● DATASET CONTENT:

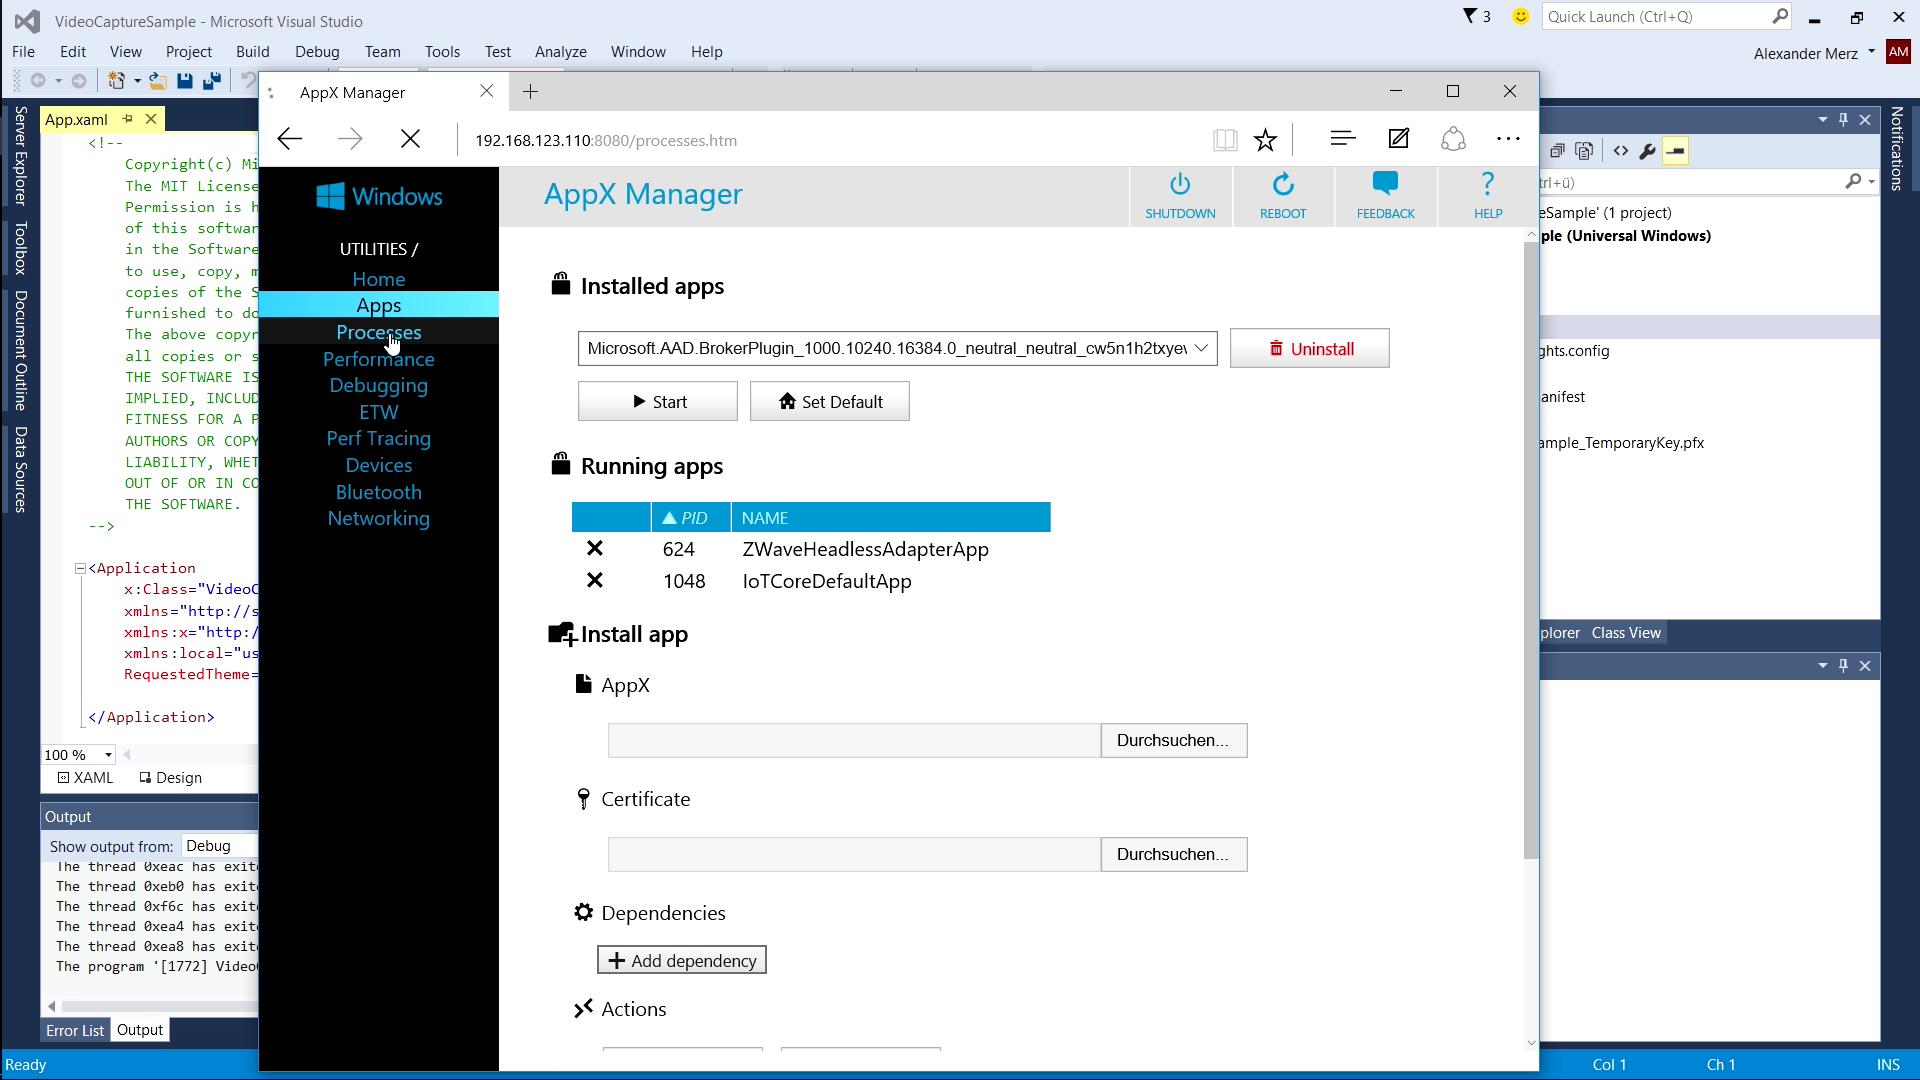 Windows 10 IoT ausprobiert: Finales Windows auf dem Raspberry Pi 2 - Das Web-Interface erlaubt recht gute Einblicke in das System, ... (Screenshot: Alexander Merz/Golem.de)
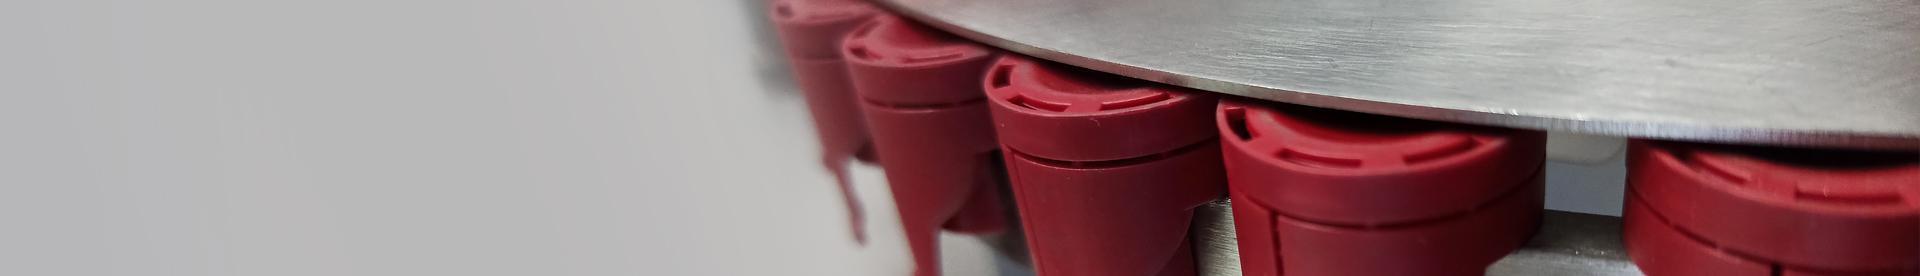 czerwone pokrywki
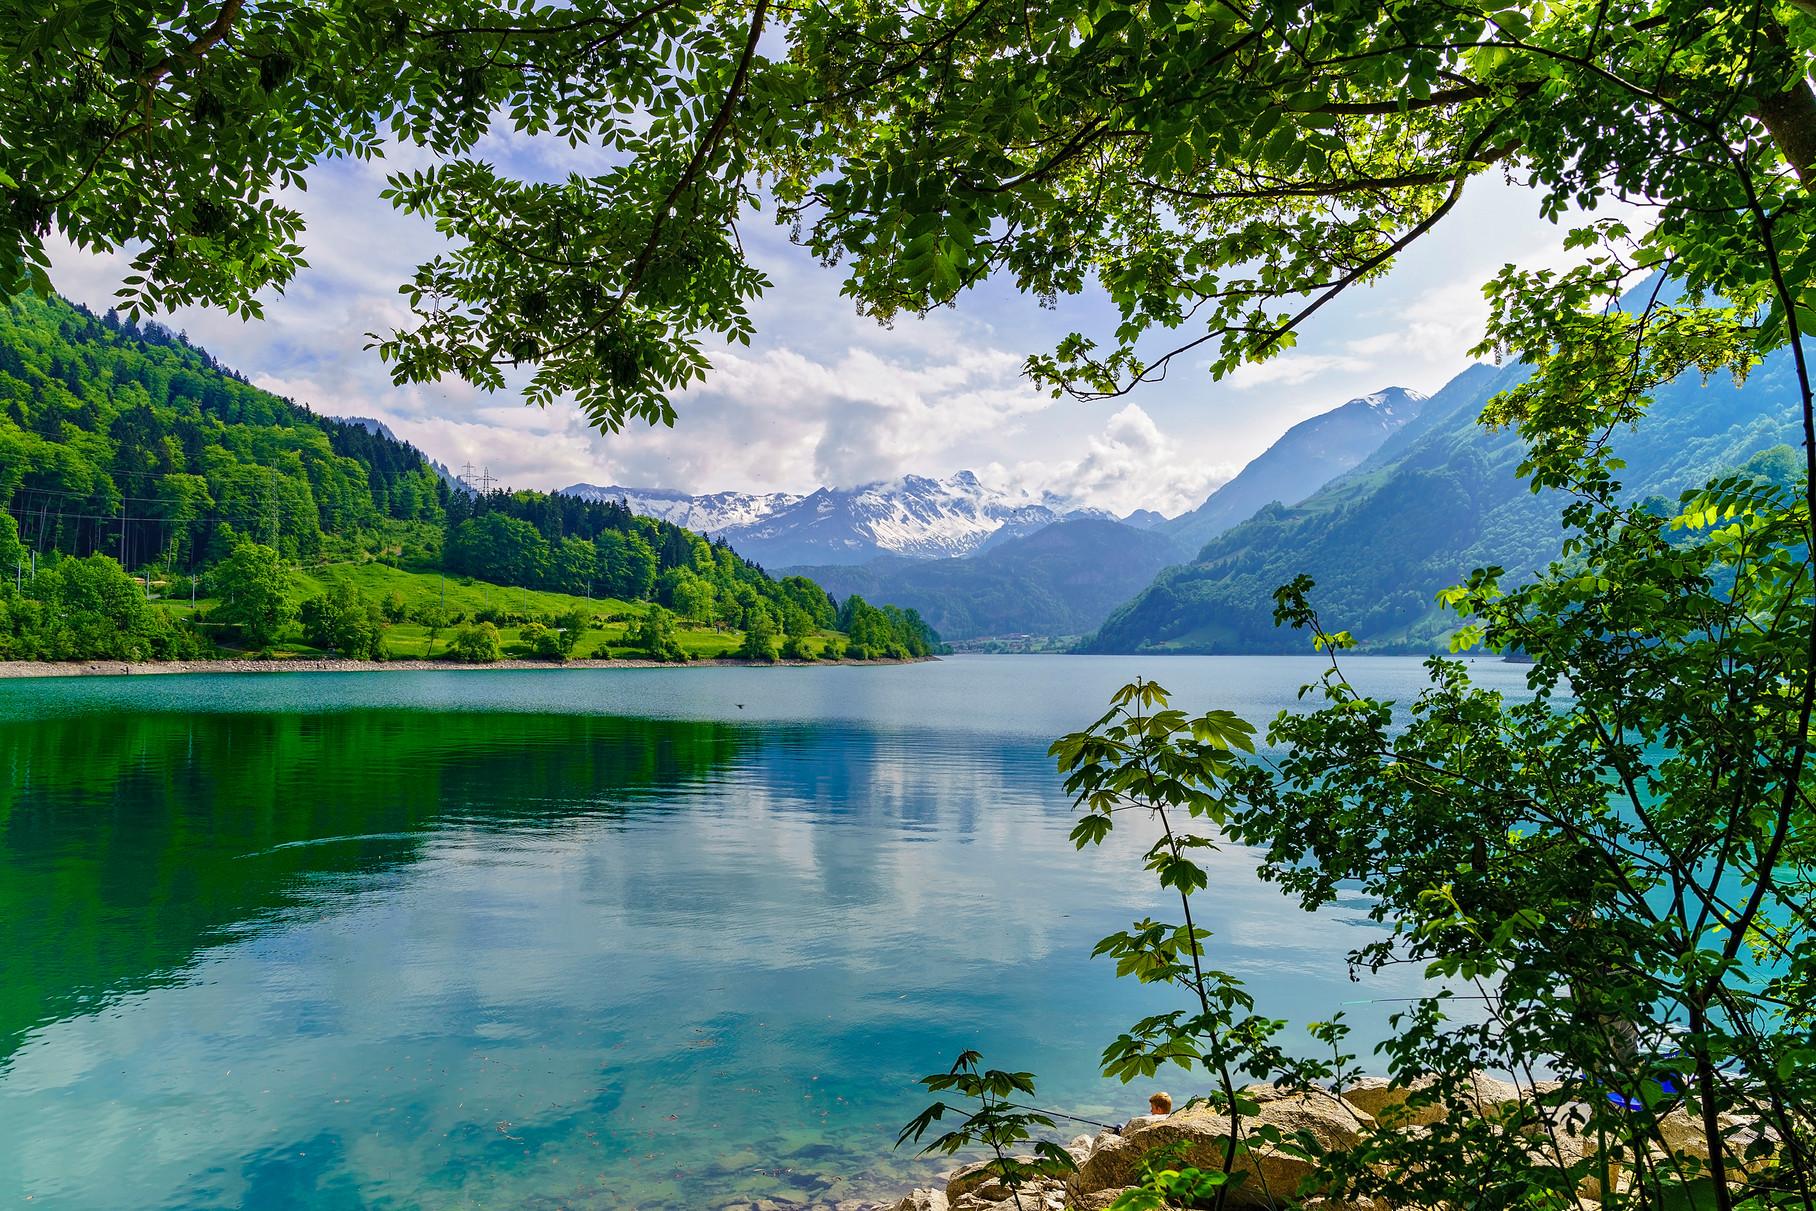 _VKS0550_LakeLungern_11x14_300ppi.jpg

● AIM OF THE EXERCISE:
Give back every line of the material above word for word, leaving out the pictures.

● THE ANSWER:
 Windows 10 IoT ausprobiert: Finales Windows auf dem Raspberry Pi 2 - Das Web-Interface erlaubt recht gute Einblicke in das System, ... (Screenshot: Alexander Merz/Golem.de)
 czerwone pokrywki
 _VKS0550_LakeLungern_11x14_300ppi.jpg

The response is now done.